Drossaard

Uit Genealogie Limburg Wiki

Een landdrost, drost of drossaard was iemand met een hoge, verantwoordelijke bestuursfunctie onder de vorst, graaf of hertog. De drost (in sommige delen van Nederland ook baljuw genoemd) was oorspronkelijk de tafeldienaar van de heer. Later ontwikkelde deze functionaris zich tot hofmeester en bestuursambtenaar.

Ontwikkeling van het ambt

  • “Het eerste en belangrijkste hofambt was het drostambt. Oorspronkelijk zal de drost, in het Latijn dapifer: letterlijk 'voedseldrager', als een soort tafelmeester gefungeerd hebben.” Als zodanig moet hij op den duur belast zijn met de leiding van het hof. “Het is aannemelijk dat dit in de twaalfde en misschien ook nog in de eerste helft van de dertiende eeuw zijn belangrijkste taak vormde. In de loop van de dertiende eeuw heeft zich het drostambt verder geëvolueerd van een hofambt naar een territoriaal ambt met taken op het gebied van rechtspraak, bestuur en defensie. In 1201 komt men voor het eerst een drost tegen onder de getuigen van graaf Otto I van Gelre (…): Godefridus dapifer” [Wientjes-2001, p. 161].
  • “In het eerste decennium van de veertiende eeuw blijkt (in het hertogdom Gelre) een functionele scheiding in het bestuur te zijn ingevoerd. Terwijl de officiatus/ambtman van een geografisch ambt tot dan toe met allerlei taken was belast, werd het beheer van de domeinen respectievelijk de uitoefening van de rechtspraak vanaf die tijd opgedragen aan aparte ambtenaren. Daarbij bleven de geografische ambten behouden en voortaan dienden ze zowel de domeinambtenaren als die van de rechtspraak tot ambtsressort. Terwijl de eersten sindsdien rentmeester/receptor worden genoemd, hebben de laatsten meestal hun oude benaming van officiatus/amptman (ambtman) behouden, hoewel ze in een aantal ambten in plaats daarvan de – historisch te verklaren – titel van drost voerden. (…) De grafelijke hofhouding kende meerdere adellijke functionarissen, met ambten die ten dele kenmerken van een ereambt hadden.
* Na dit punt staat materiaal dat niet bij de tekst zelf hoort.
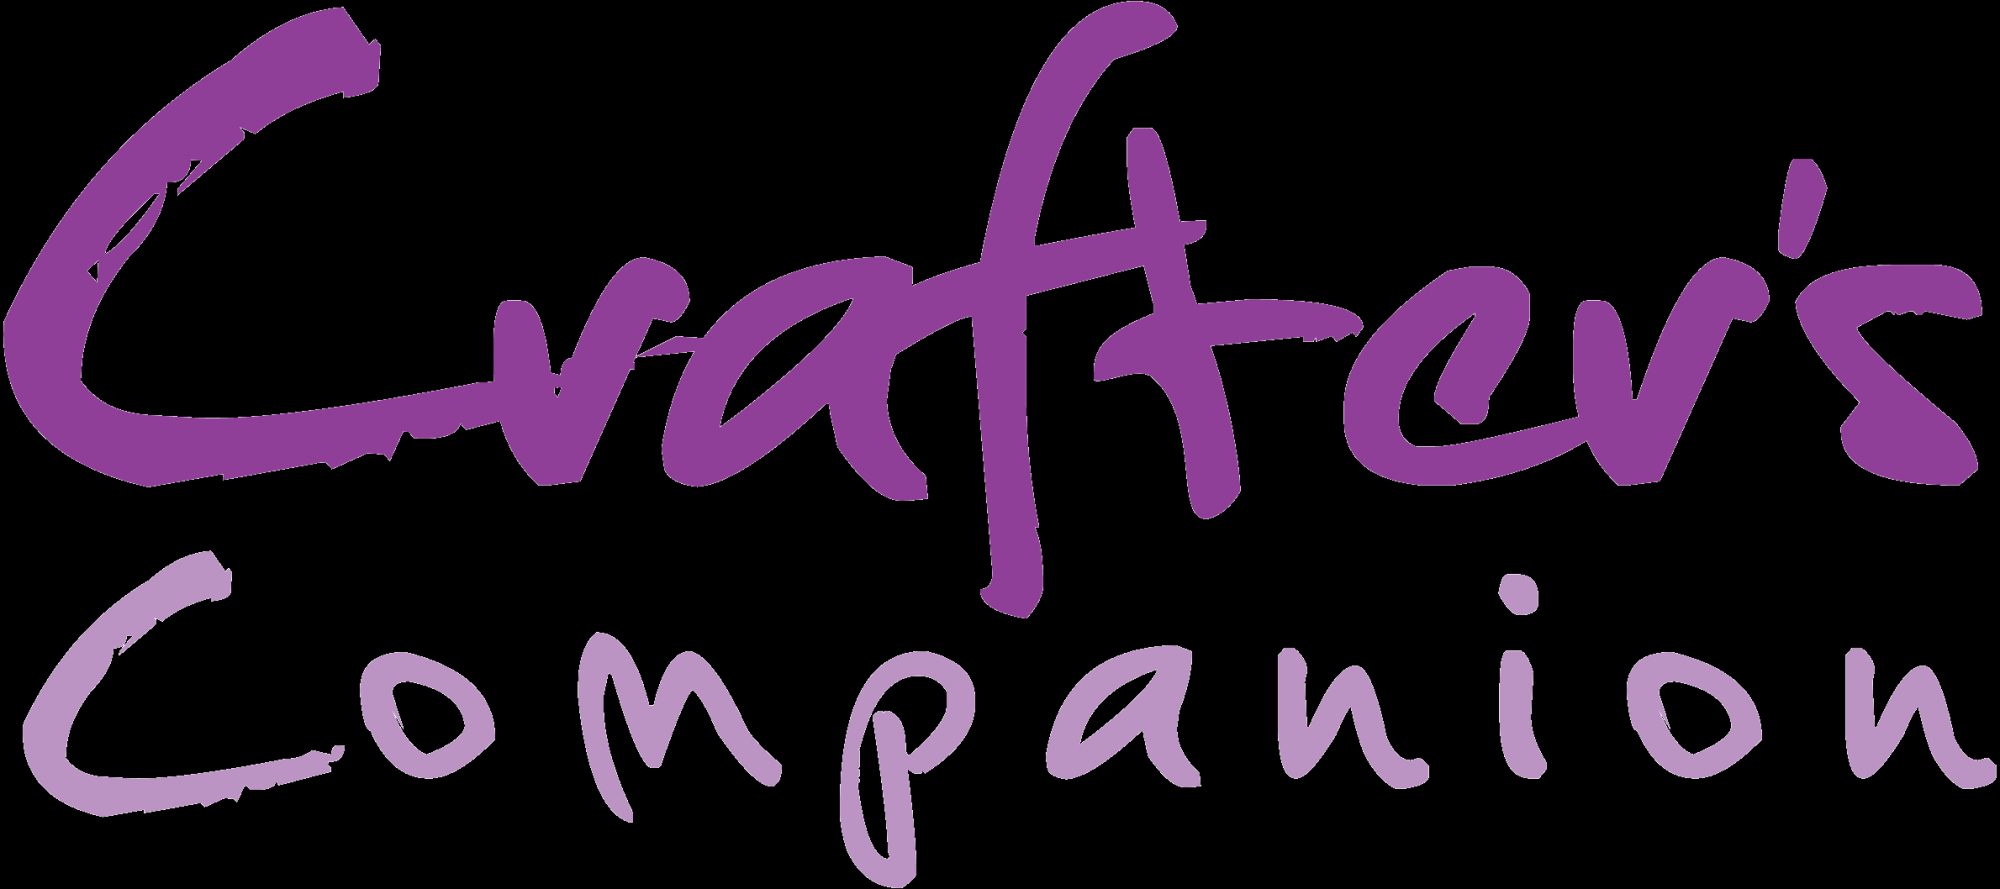 Crafters Companion - Rozzan Scrapbooking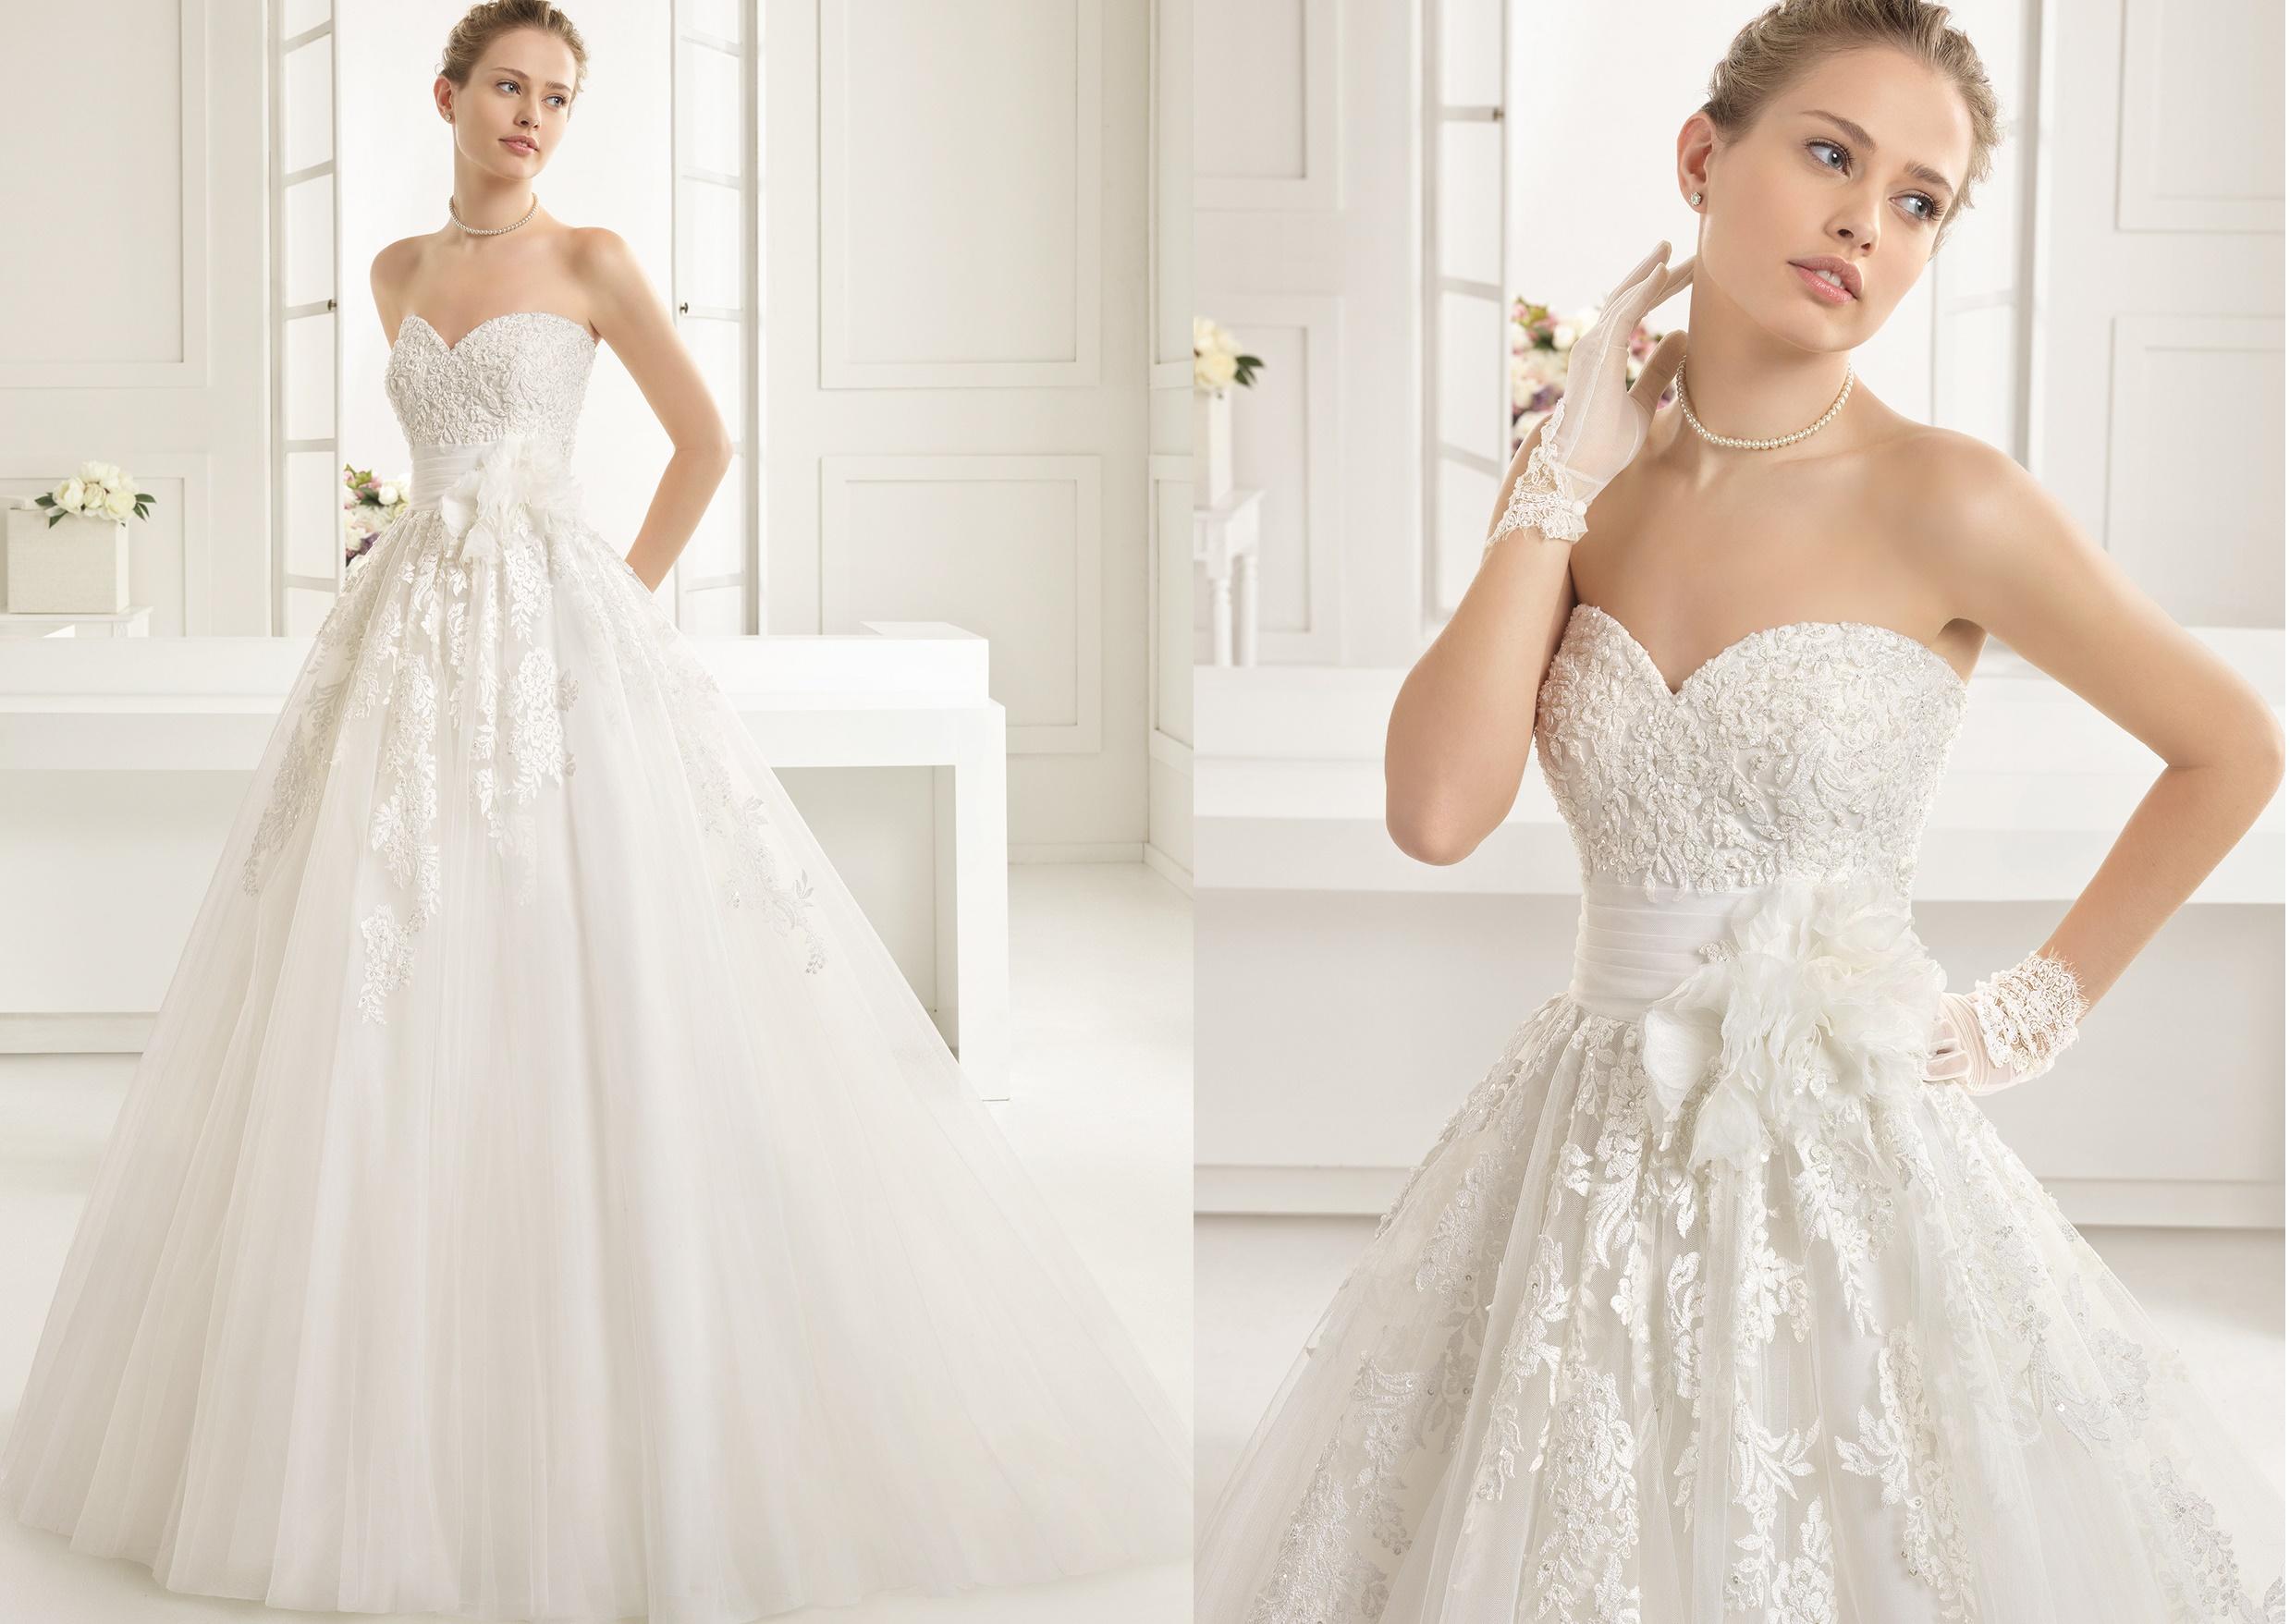 Rosa Clará16 - Vestidos de Noiva - Bridal Collection 2016

De drost was oorspronkelijk belast met de verzorging van de tafel van zijn heer (…). Een aantal van deze functies werd geleidelijk aan tot bestuursambt, waarvan de taken eerder buiten dan binnen het hof te vervullen waren. Aan het hof vervulden deze ambtsdragers hun ereambt alleen nog sporadisch, bijvoorbeeld bij feesten en plechtigheden. De drost ontwikkelde zich tot een justitiële functionaris met een eigen ambtsressort, dat aanzienlijke delen van het land omvatte. Zijn functies aan het hof werden overgenomen door de hofmeester (magister curie)” [Kuys-2001, p 150, 153].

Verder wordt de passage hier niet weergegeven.